## About this exercise
In the entries below, how many lines hold the word "Magic"? Answer with the number only.

## Supplied entries
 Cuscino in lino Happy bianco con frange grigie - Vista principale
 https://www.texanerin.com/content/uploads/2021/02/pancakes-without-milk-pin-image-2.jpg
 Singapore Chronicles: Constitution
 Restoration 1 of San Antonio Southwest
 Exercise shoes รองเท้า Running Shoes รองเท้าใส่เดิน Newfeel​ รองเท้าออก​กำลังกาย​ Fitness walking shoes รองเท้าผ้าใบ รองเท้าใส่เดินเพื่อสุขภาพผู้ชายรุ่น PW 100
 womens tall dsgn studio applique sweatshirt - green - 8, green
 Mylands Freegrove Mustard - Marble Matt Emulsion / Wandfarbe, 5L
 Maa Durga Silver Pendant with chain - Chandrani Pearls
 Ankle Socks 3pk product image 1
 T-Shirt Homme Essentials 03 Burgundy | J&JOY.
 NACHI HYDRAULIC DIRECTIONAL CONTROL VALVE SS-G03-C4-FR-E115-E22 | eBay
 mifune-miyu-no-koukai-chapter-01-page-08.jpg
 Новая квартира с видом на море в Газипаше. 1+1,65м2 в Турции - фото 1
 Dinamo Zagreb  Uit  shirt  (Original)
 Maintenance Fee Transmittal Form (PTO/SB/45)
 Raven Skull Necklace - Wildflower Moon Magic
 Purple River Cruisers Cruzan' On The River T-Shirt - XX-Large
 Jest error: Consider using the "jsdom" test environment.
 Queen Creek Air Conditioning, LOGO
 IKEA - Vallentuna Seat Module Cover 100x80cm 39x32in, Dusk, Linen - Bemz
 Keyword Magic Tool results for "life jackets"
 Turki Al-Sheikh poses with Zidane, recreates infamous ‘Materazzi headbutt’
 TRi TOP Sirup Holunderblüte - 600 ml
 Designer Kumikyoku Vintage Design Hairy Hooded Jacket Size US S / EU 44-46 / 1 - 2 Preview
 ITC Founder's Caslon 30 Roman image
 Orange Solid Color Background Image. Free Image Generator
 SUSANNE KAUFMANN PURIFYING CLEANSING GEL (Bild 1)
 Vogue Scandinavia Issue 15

## Exercise answer
2